BU: If we can, I will gladly do that.
FBP: Now, Hong Kong is to many people, a very saturated retail market with many players, but the banks in Hong Kong can also tap into the Greater Bay Area. So you have not just eight million customers, you have potentially 70 million customers to tap on. How does the equation change when you look at Hong Kong versus the Greater Bay Area? That is one question, another question is, you're building a scalable business, are you just focused on Greater China? Are there ambitions to go outside of Greater China?
BU: Thank you, if I may answer your combined question. So as you said, Hong Kong is about seven and half million, the GBA region, the Greater Bay Area, is close to 80 million. And now with a Wealth Connect, even restricted, but still with business or leisure travel in the area, and organic links, actually make it the natural next step for GBA banks in Hong Kong, and Hong Kong banks into GBA.
What we call northbound or southbound. So this is actually key because as a digital bank going forward, as we are actually a scalable platform, the only thing we need to do is look at a different ID in the onboarding. The rest of the processes are more or less adjusting only for regulatory differences. So this is a natural next step, also for Mox to actually serve the GBA zone in the coming years.
To your next question. So this platform that we built, cloud-native with vendors, with different partners, this platform, the IP itself, intellectual property, is not a real local property. 70% is actually a globally scalable portable property. So that's why even in the span of the last two years, let's say Standard Chartered, ported our IP as Mox already into Singapore, into another virtual. So we already did the porting once, in the last span of let's say, 24 months, actually, more like 18 months. So we saw that it works. We saw that it's portable because it's modular in nature. So that's one of our goals, first to be a global benchmark here in Hong Kong, and then actually to provide our IP even into further territories.
FBP: Okay. My one very final question before we let you go is, what is your measure of success? The number of customers, NPS, profitability? What is the most important?
BU: Well, let me answer this way, digital banks, virtual banks, challengers are not a new phenomenon. This started two and a half decades ago and in the past, it was about building a customer base only. It was good enough to build a savings book only. Going forward, that's not success. For us, balanced value-creating growth is success.
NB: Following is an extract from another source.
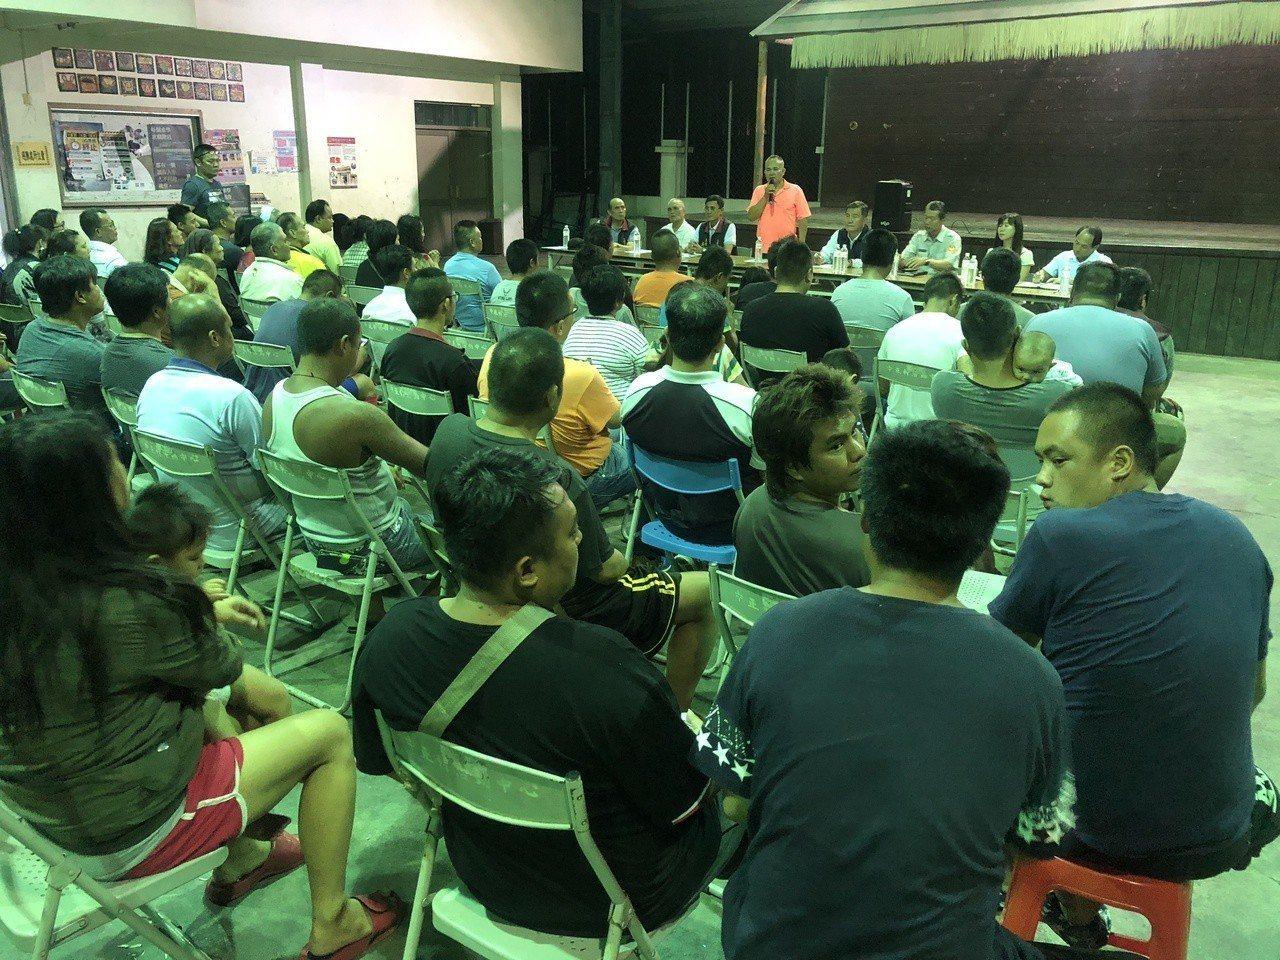 仁愛鄉卡度部落針對集體鬥毆事件召開部落會議,不少居民都出席參加。記者賴香珊/攝影
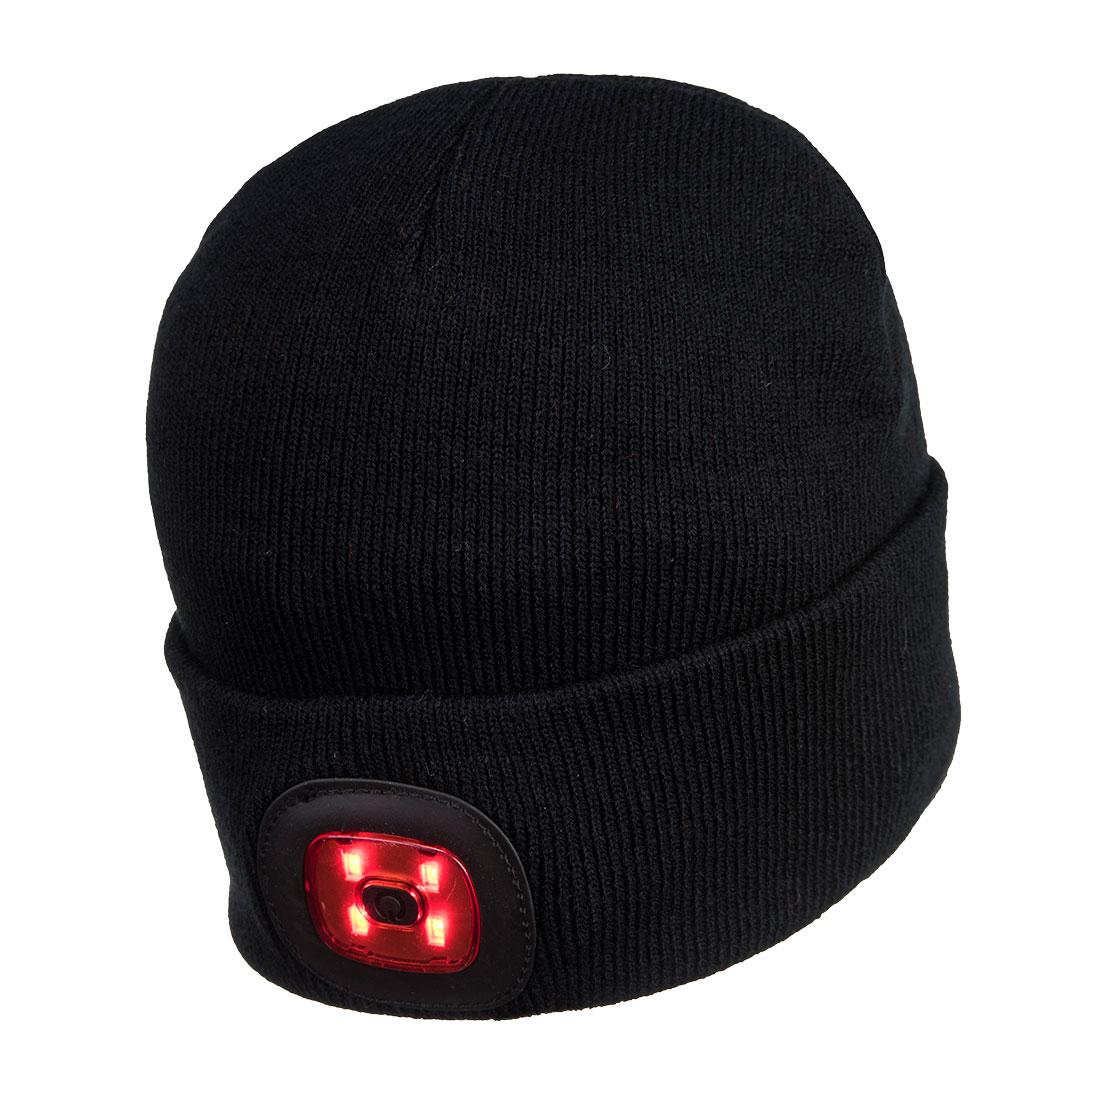 Mütze mit wiederaufladbaren LED - Leuchten vorn und hinter

So we don't only care about mere customer growth, we need to care about the full body growth.
So of course, the growth speed is important as a challenger digital bank, but we look at how many products our customers use, how engaged they are, how many services they consume, can we become the primary bank. So our goal going forward is not to be a secondary bank for retail for average household in Hong Kong, our main goal is to become the primary bank for Hong Kongers. That's the aim. That's how we build our services. That's why for example, we started with current account, debit card, then immediately after, savings, lending, card. Now investments is in the build phase. So we are actually building a full-fledged bank with the same regulation structures like a normal incumbent bank, only digital in nature as a platform, which you create value on to reflect back to clients. And I think that's the future.
FBP: And on that note, thank you so much, Mr. Uygun. And I trust your comments and your insights, provide valuable lessons for our Vietnamese colleagues.